More sites are turning to services like Cloudflare due to just how stupid-easy it is to DDoS — perform a (possibly Distributed) Denial of Service attack on — a site. Sometimes the DDoS is intentional (malicious). Sometimes it’s because your bot didn’t play nice (stop that, btw). Sadly, at some point, most of us with “vital” sites are going to have to pay protection money to one of these services unless law enforcement or ISPs do a better job stopping DDoS (killing the plethora of pwnd IoT devices that make up one of the largest for-rent DDoS services out there would be a good start).
Soapbox aside, sites like this one — https://www.bitmarket.pl/docs.php?file=api_public.html — (which was giving an SO poster trouble) have DDoS protection enabled but they also want you to be able to automate the downloads (this one even calls it an “API”). However, try to grab one of the files there with your browser and you’ll likely see a Cloudflare interstitial page which eventually gets you the data.
Try the same thing with download.file()
or httr::GET()
and you’ll run into trouble since neither of those two functions have a way to perform the javascript challenge execution which ultimately is posted (well, GETted in this case) to a checker endpoint which eventually redirects to the original URL with enough ??? to ensure you won’t be bothered again.
Cloudflare has captcha and other types of interstitials, but if you happen on the 503+javascript challenge one, have I got a package for you! Meet: cfhttr
?.
The singular function (for now) — cf_GET()
— does the following:
- Makes an
httr::GET()
call with the initial URL - Checks to ensure it’s both on Cloudflare and is using the javascript challenge protection scheme
- Slices the javascript and tweaks it enough to enable running it in
V8
- Retrieves the challenge computation from
V8
- Posts (well,
httr::GET()
s it since that’s what Cloudflare expects) the challenge form with the properReferer
header and hopefully passes the test so you get your content.

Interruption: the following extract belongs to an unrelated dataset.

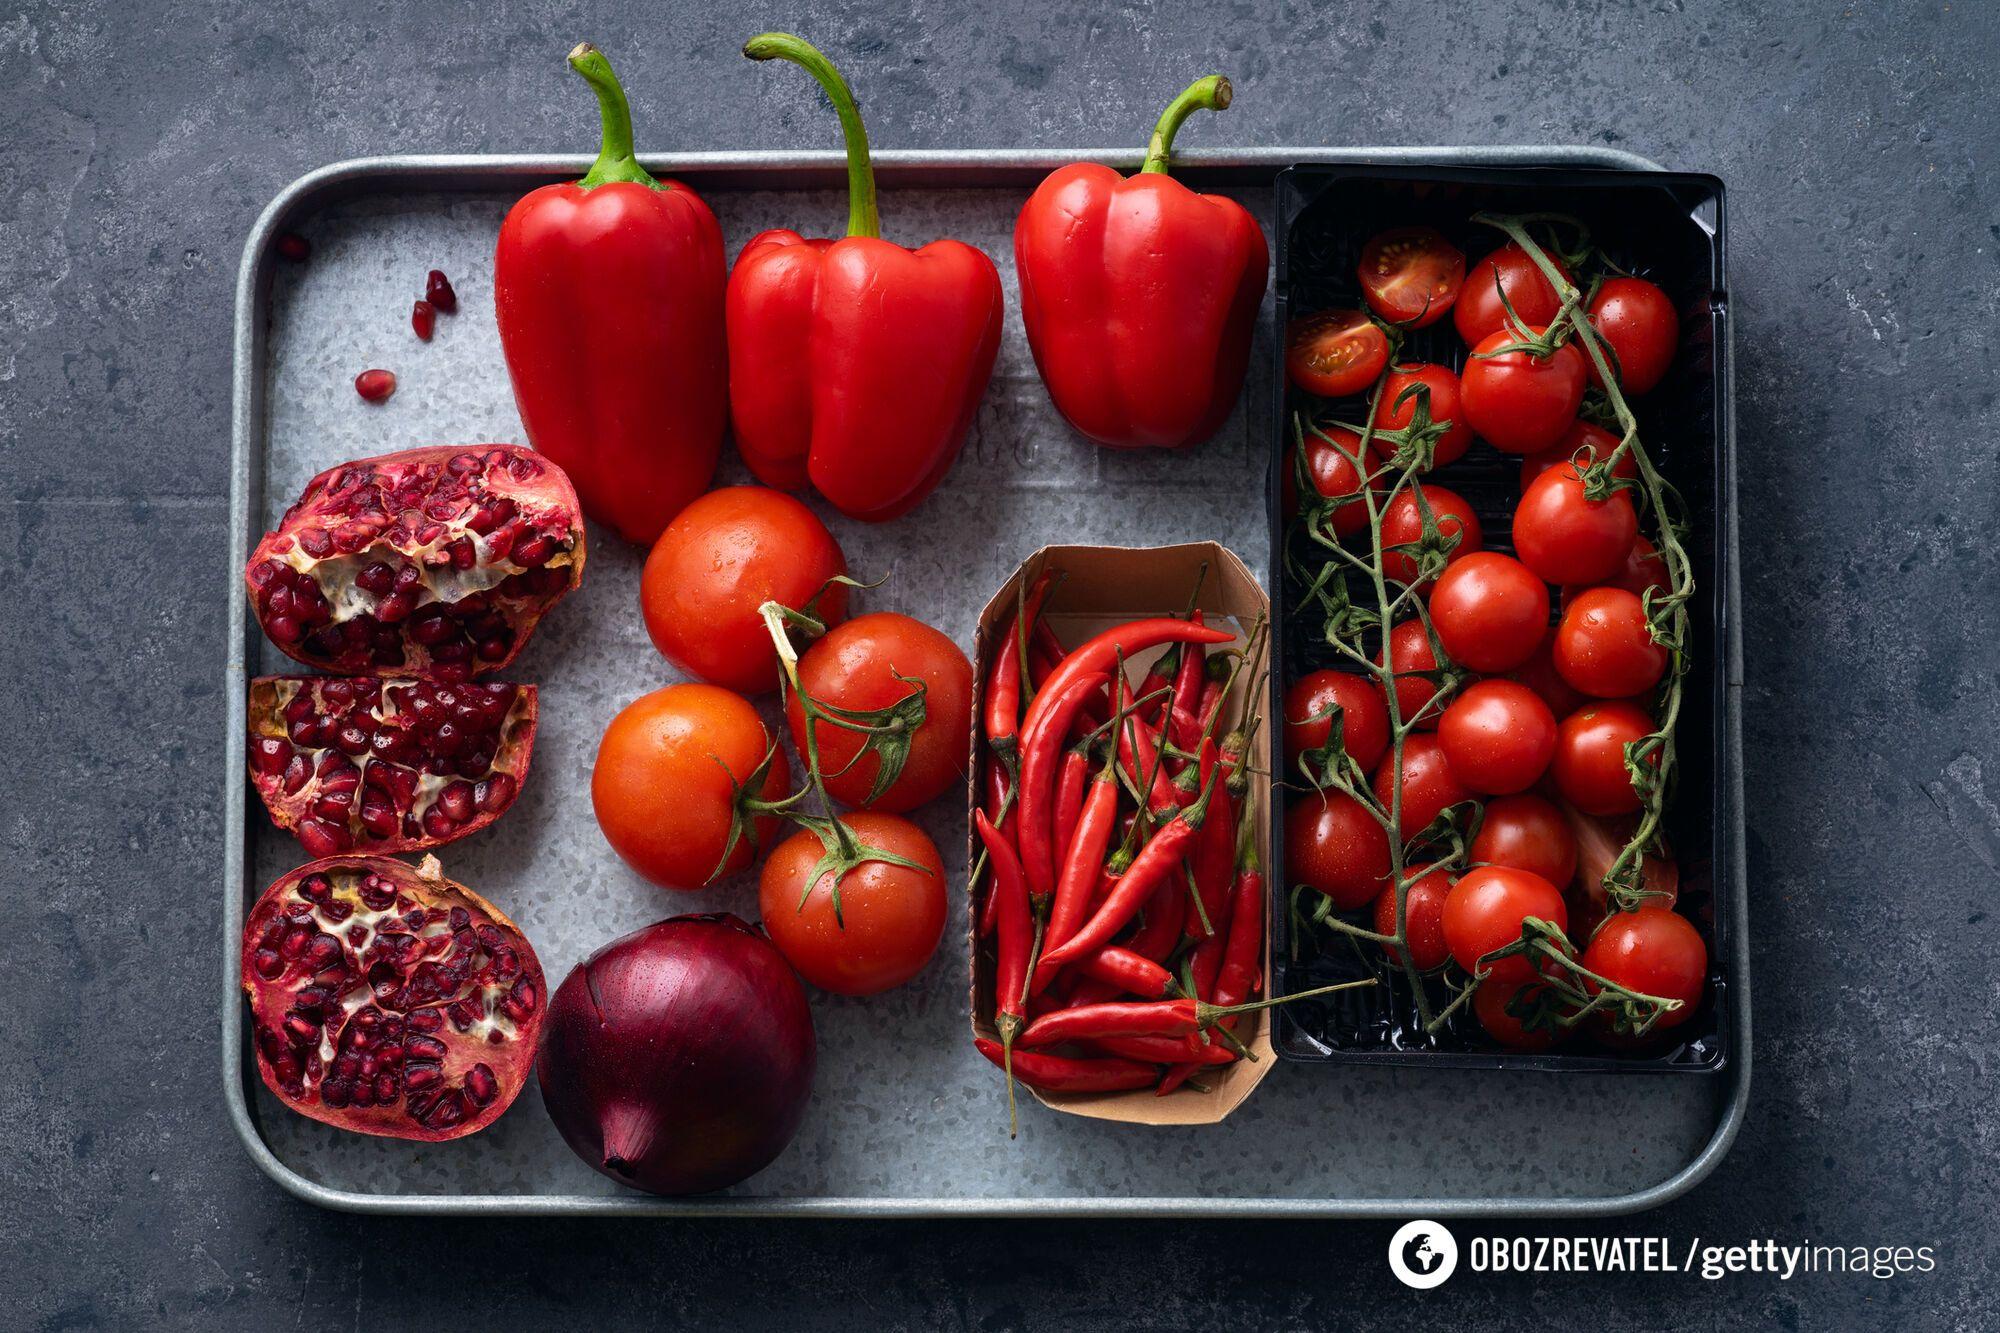 Червоні і багряні плоди – важлива частина меню під час карантину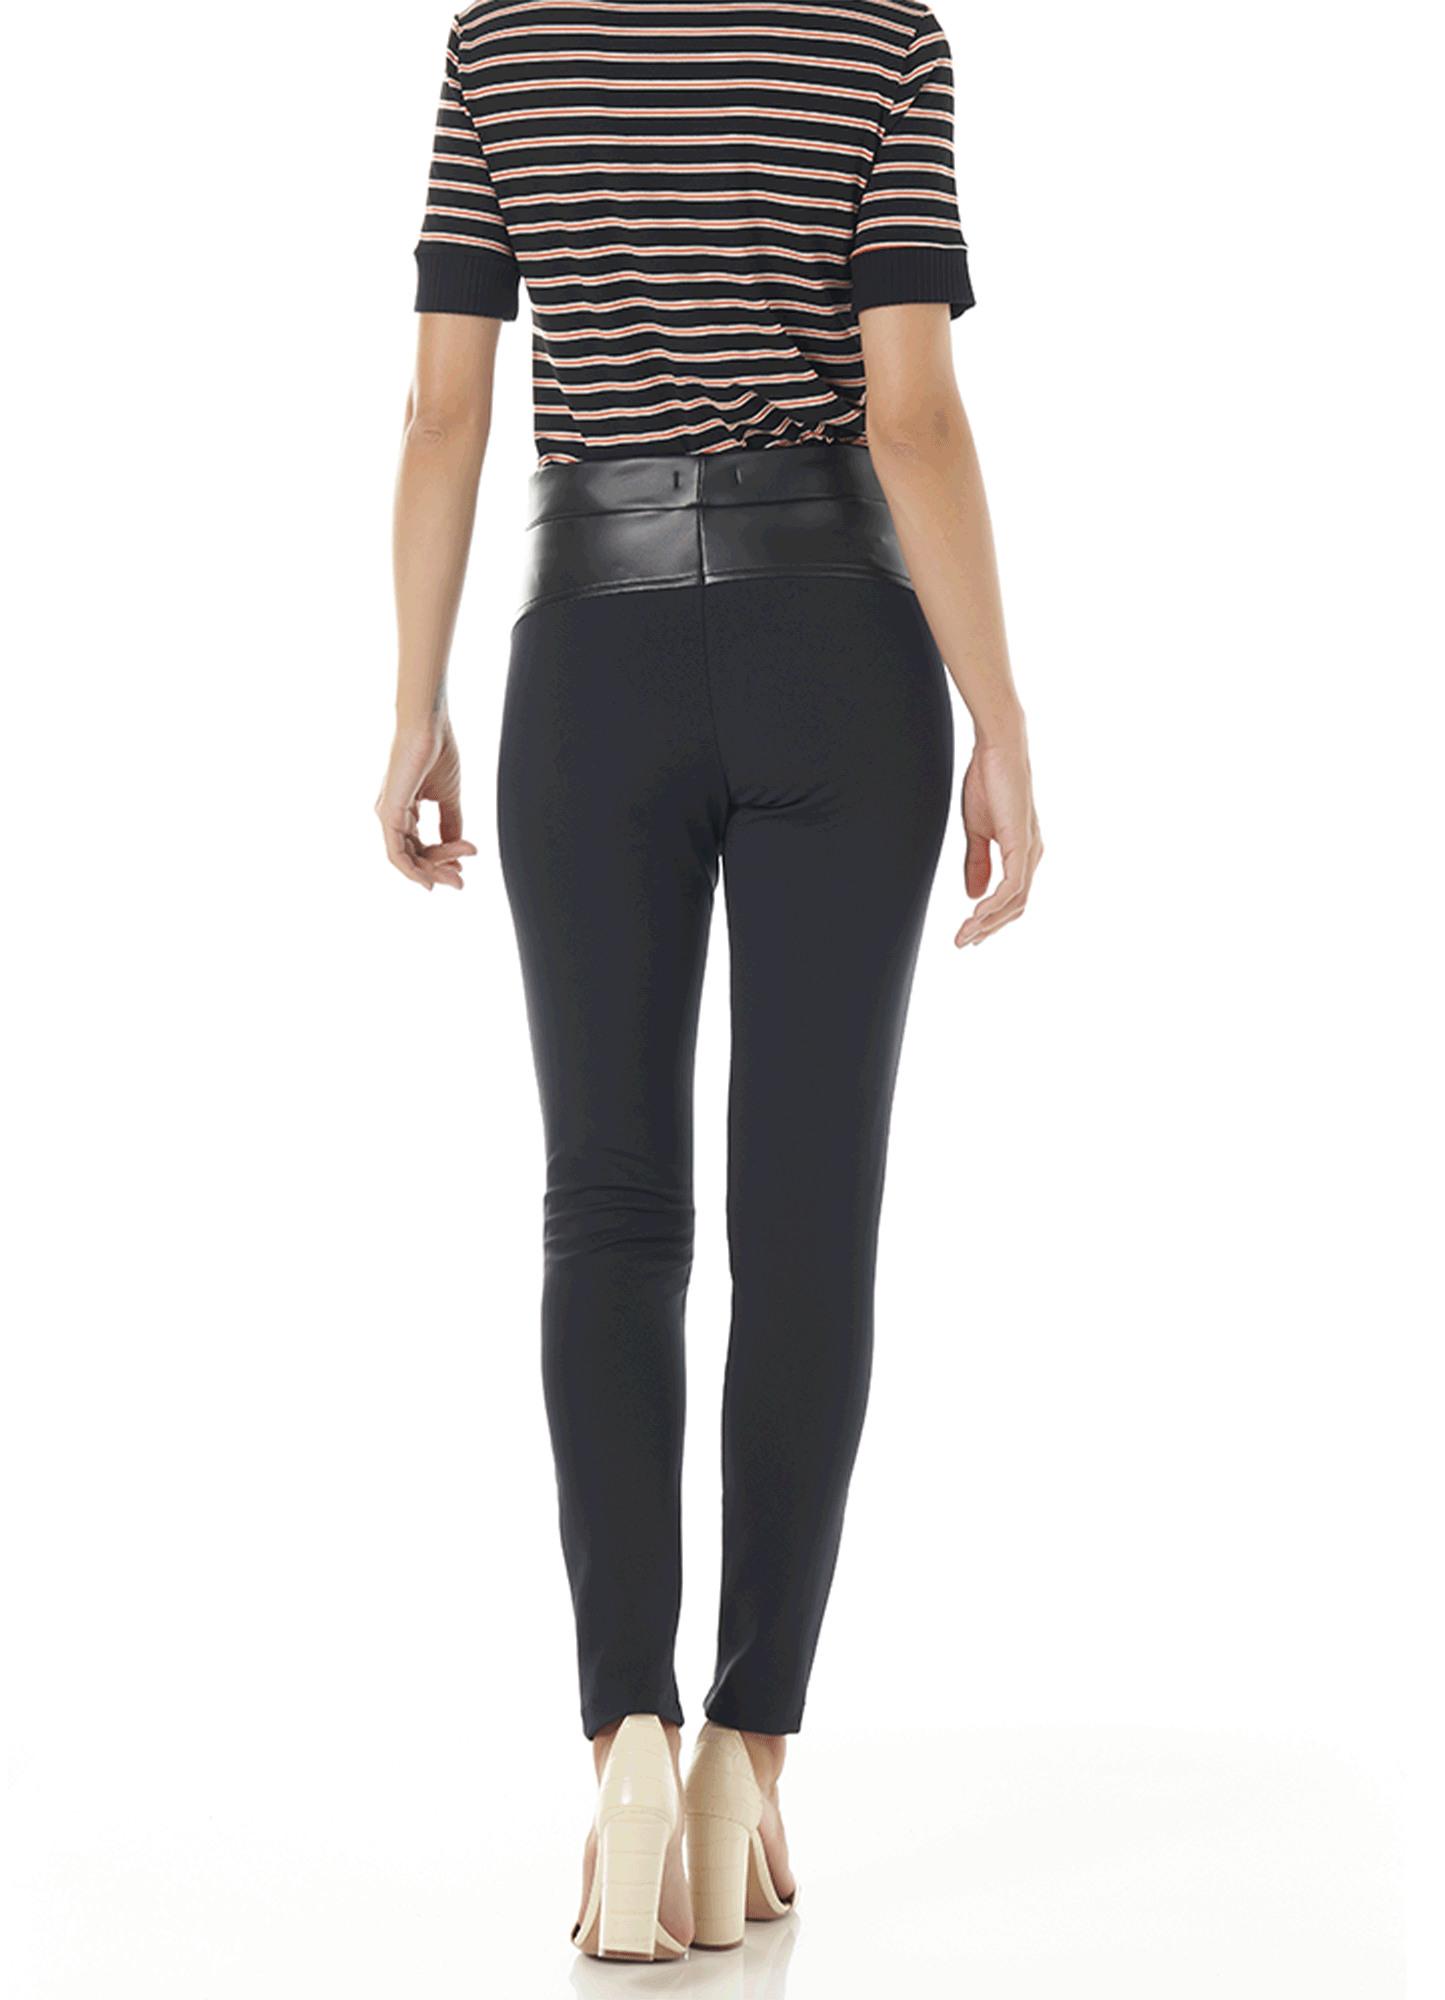 Calça Montaria Feminina Frente Couro Wang Costas Body Fit Poliamida Preta Cintura Alta

devtools::install_github("hrbrmstr/cfhttr")
library(cfhttr)
res <- cf_GET("https://www.bitmarket.pl/graphs/BTCPLN/90m.json")
## Waiting 5 seconds...
str(httr::content(res, as="parsed"))
## List of 90
## $ :List of 6
## ..$ time : int 1512908160
## ..$ open : chr "48000.00000000"
## ..$ high : chr "48100.00000000"
## ..$ low : chr "48000.00000000"
## ..$ close: chr "48100.00000000"
## ..$ vol : chr "0.00124821"
## $ :List of 6
## ..$ time : int 1512908220
## ..$ open : chr "48100.00000000"
## ..$ high : chr "48100.00000000"
## ..$ low : chr "48100.00000000"
## ..$ close: chr "48100.00000000"
## ..$ vol : chr "0.00000000"
## $ :List of 6
## ..$ time : int 1512908280
## ..$ open : chr "48100.00000000"
## ..$ high : chr "48100.00000000"
## ..$ low : chr "48100.00000000"
## ..$ close: chr "48100.00000000"
## ..$ vol : chr "0.00000000"
## ...
FIN
If you end up using this in workflows and run into a problem, it likely means that Cloudflare changed the challenge code page. Please file an issue so I can update the code.
2 Comments
I am sorry to bother you, but could you answer a simple question? What does DDoS stand for? I am used to a strict rule to identify the meaning of every acronym the first time it is introduced. I find the rule very helpful, but you can make your own decisions.
I generally try to do that as well and have updated the post to include a brief definition (which is “perform a (possibly Distributed) Denial of Service attack on — a site”) and linked to the wikipedia page on it. I was far too lazy and def appreciate the follow-up question.